EvoNash-MARL: A Closed-Loop Multi-Agent Reinforcement Learning Framework for Medium-Horizon Equity Allocation
For quantitative finance practitioners, it offers a robust closed-loop framework for equity allocation under realistic constraints, but results are incremental and lack definitive statistical proof.
EvoNash-MARL integrates multi-agent RL with population-based optimization and execution-aware selection for medium-horizon equity allocation, achieving 19.6% annualized return vs. 11.7% for SPY from 2014-2024, though statistical significance is not established.

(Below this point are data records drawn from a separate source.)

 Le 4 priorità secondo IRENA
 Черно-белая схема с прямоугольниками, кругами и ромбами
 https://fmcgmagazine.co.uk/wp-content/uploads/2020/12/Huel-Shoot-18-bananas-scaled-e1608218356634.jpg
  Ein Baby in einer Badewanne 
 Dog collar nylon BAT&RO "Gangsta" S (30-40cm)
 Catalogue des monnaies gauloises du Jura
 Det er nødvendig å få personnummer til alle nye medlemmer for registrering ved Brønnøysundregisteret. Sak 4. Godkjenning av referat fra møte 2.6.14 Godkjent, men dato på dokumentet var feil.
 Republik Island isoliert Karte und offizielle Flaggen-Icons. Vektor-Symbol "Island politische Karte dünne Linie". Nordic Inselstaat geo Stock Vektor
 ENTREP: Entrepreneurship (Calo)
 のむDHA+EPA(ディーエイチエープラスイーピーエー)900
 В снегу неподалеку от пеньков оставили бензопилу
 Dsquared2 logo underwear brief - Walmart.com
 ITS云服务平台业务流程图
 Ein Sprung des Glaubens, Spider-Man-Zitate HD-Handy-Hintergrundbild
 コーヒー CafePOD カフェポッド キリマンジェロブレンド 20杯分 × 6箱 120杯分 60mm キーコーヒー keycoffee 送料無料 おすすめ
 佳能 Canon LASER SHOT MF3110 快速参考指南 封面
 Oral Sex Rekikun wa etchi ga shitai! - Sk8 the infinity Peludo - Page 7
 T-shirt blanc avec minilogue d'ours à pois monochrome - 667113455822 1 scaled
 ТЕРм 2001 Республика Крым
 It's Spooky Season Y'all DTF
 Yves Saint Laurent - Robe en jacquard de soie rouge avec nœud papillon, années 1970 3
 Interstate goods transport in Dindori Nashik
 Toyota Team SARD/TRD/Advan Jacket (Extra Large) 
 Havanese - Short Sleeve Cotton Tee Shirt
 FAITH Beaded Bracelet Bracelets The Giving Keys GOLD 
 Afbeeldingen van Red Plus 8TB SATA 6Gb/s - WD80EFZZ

Medium- to long-horizon equity allocation is challenging due to weak predictive structure, non-stationary market regimes, and the degradation of signals under realistic trading constraints. Conventional approaches often rely on single predictors or loosely coupled pipelines, which limit robustness under distributional shift. This paper proposes EvoNash-MARL, a closed-loop framework that integrates reinforcement learning with population-based policy optimization and execution-aware selection to improve robustness in medium- to long-horizon allocation. The framework combines multi-agent policy populations, game-theoretic aggregation, and constraint-aware validation within a unified walk-forward design. Under a 120-window walk-forward protocol, the final configuration achieves the highest robust score among internal baselines. On out-of-sample data from 2014 to 2024, it delivers a 19.6% annualized return, compared to 11.7% for SPY, and remains stable under extended evaluation through 2026. While the framework demonstrates consistent performance under realistic constraints and across market settings, strong global statistical significance is not established under White's Reality Check (WRC) and SPA-lite tests. The results therefore provide evidence of improved robustness rather than definitive proof of superior market timing performance.